I need some help identifying what kind of piranha I have. I know it's not a red belly, and the pet store guy said it was a black piranha. I've been looking on the web, and I see some that look similar but not really sure.

He's about 2 inches in these pics, and now he is about 4 inches.

Feeding Freddy


----------



## RhomZilla

Can be a Spilo or a baby Rhom with its juvenile spots at an early age.


----------



## Xenon

It looks exactly like my Spilo CF. Is there any way you can get a better picture?


----------



## sccavee

Yep looks like my Spilo CF also.


----------



## hastatus

Xenon, tried to access page and recieved a page not found. Can you host photo so that I may look at it?


----------



## Xenon

Unfortunatly Frank, these are the best pictures.....we might need some better ones.


----------



## Xenon

#2


----------



## Xenon

#3


----------



## Neoplasia

Just to add to X's posting, I believe these two to be two of the better pictures of the fish:


----------



## hastatus

Closer and clearer would be better. Generally (and w/o saying for sure) it does resemble a S. spilopleura CF.


----------



## Poseidon X

Its hard to spot a terminal band for verification, a extreme close up side profile might give us a better chance at identifying.


----------



## Genin

looks just like my spilo cf did when that size.

Joe


----------



## Judazzz

Genin said:


> looks just like my spilo cf did when that size.
> 
> Joe


 Spilo CF was my first thought also.


----------



## sccavee

BDKing57 said:


> Its hard to spot a terminal band for verification, a extreme close up side profile might give us a better chance at identifying.
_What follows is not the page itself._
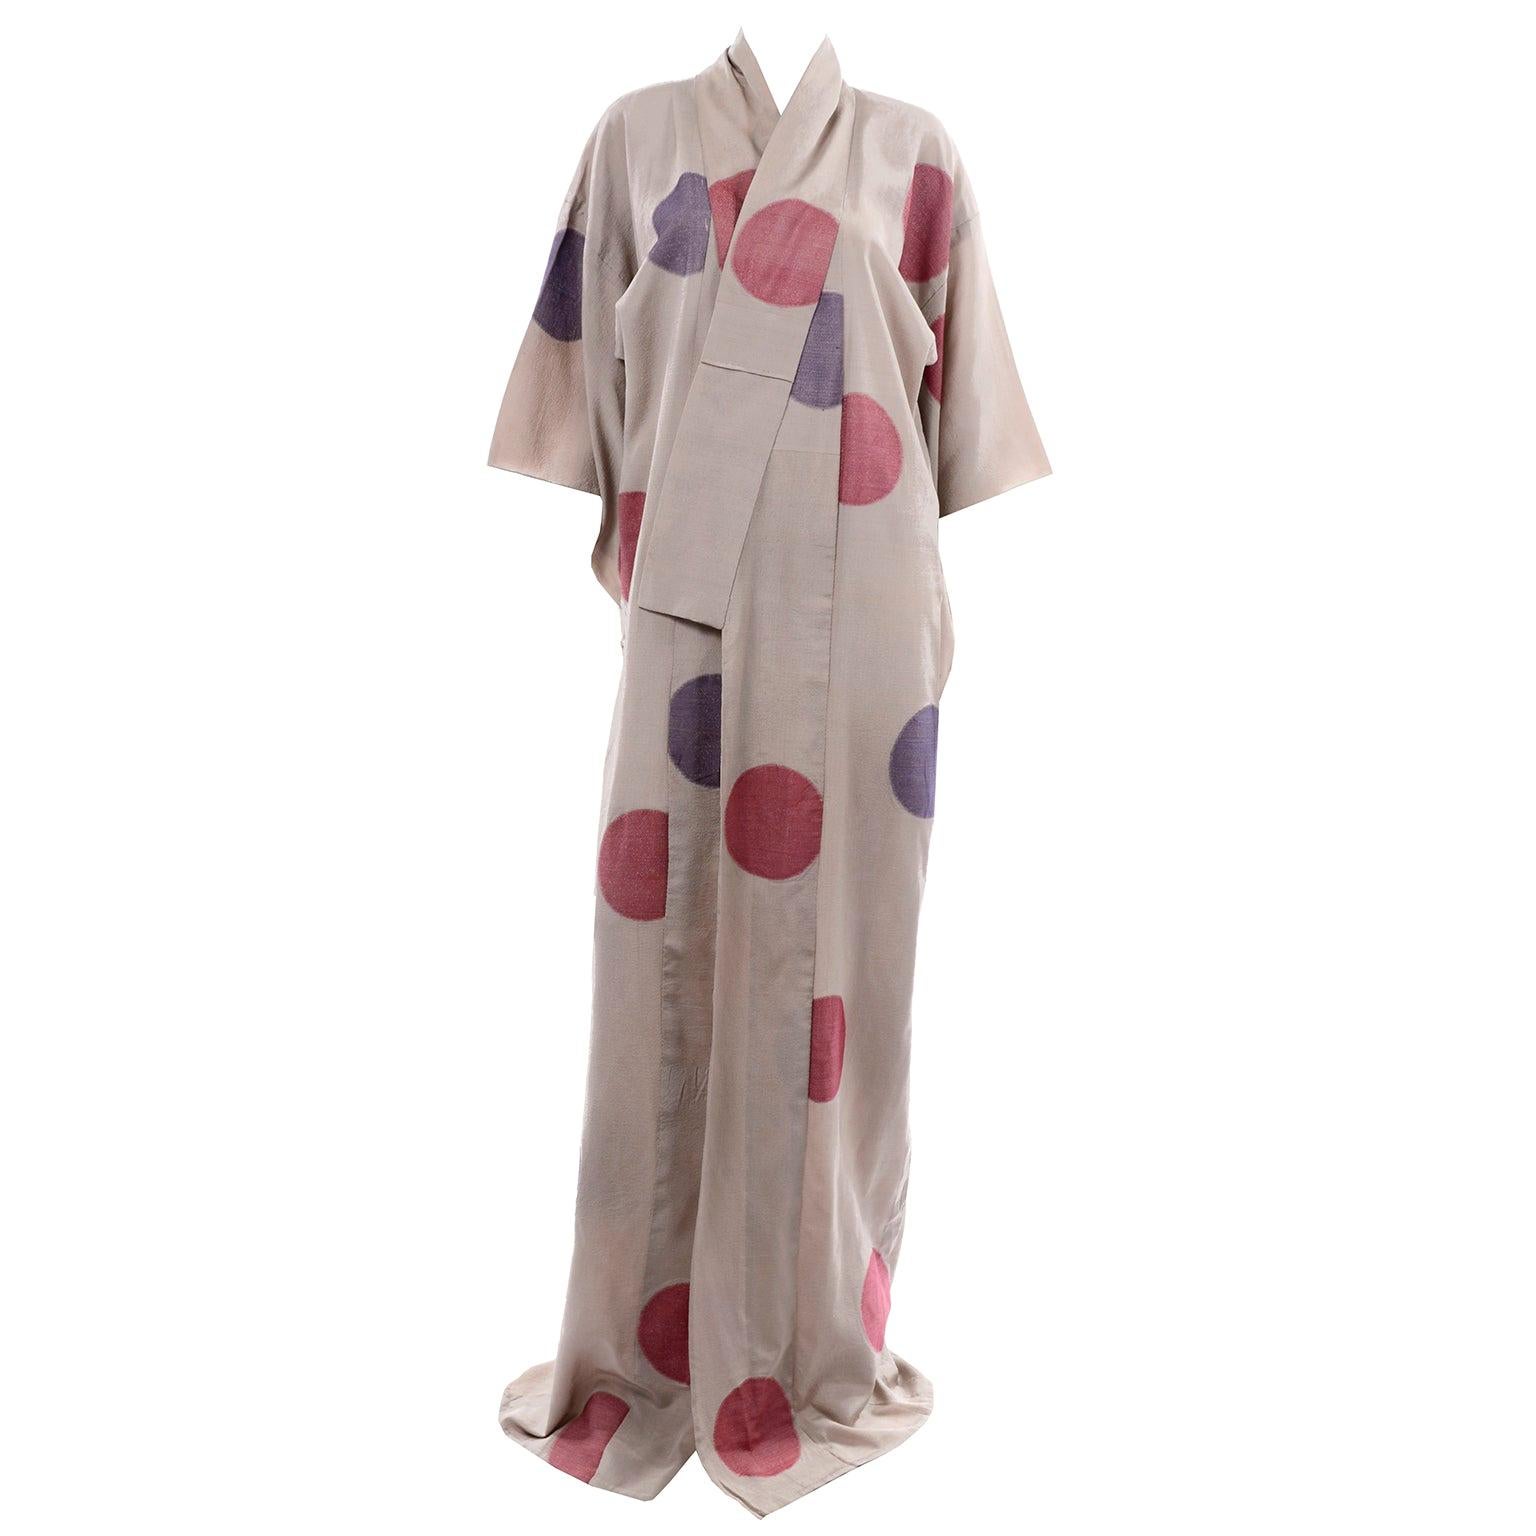 Kimono vintage brun clair avec ronds / pois lamé violets et rouges et doublure rose
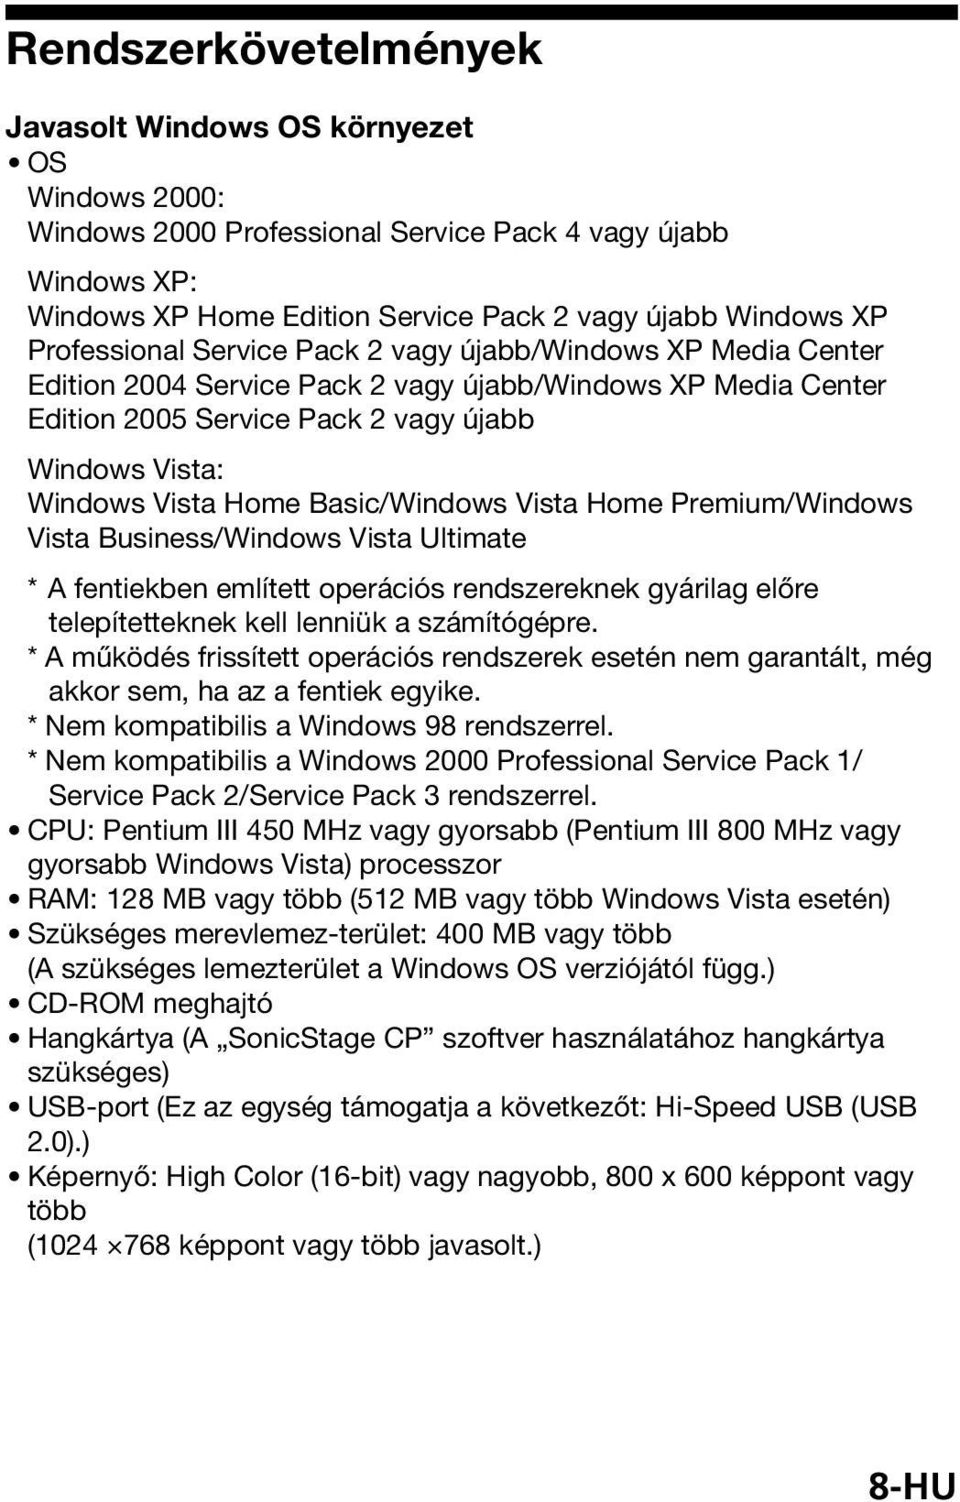 Basic/Windows Vista Home Premium/Windows Vista Business/Windows Vista Ultimate *A fentiekben említett operációs rendszereknek gyárilag előre telepítetteknek kell lenniük a számítógépre.

This is a stupid question but what it the terminal band and how is it different for a Spilo CF and a Rhom?


----------



## Black Piranha

rhom


----------



## Neoplasia

sccavee said:


> BDKing57 said:
> 
> 
> 
> Its hard to spot a terminal band for verification, a extreme close up side profile might give us a better chance at identifying.
> 
> 
> 
> This is a stupid question but what it the terminal band and how is it different for a Spilo CF and a Rhom?
Click to expand...

 S. spilopleura

Check out the first couple pictures (below the top one), shows quite clearly the terminal band and how it does not touch the edge of the tail. There's also more detail in the following text.


----------



## acidsurvivor

That is defiantly a Spilo CF. What kind of fish do you have with it?!


----------



## piranha 13

spilo CF


----------



## Poseidon X

> This is a stupid question but what it the terminal band and how is it different for a Spilo CF and a Rhom?


The only stupid question is the one you didnt ask. People like Frank are more then willing to educate anyone willing to ask nicely. :biggrin:


----------



## Neoplasia

BDKing57 said:


> The only stupid question is the one you didnt ask. People like Frank are more then willing to educate anyone willing to ask nicely. :biggrin:


 Heard this once somewhere, really funny: There are no stupid questions, only stupid people.


----------



## hastatus

> Neoplasia Posted on Mar 31 2003, 05:12 PM ...Heard this once somewhere, really funny: There are no stupid questions, only stupid people.


 Interestingly enough, jokes are sometimes based on real experiences.


----------



## alvin

Dude, update the site. I need more Freddy.


----------



## Mr. Hannibal

I agree...Spilo CF!


----------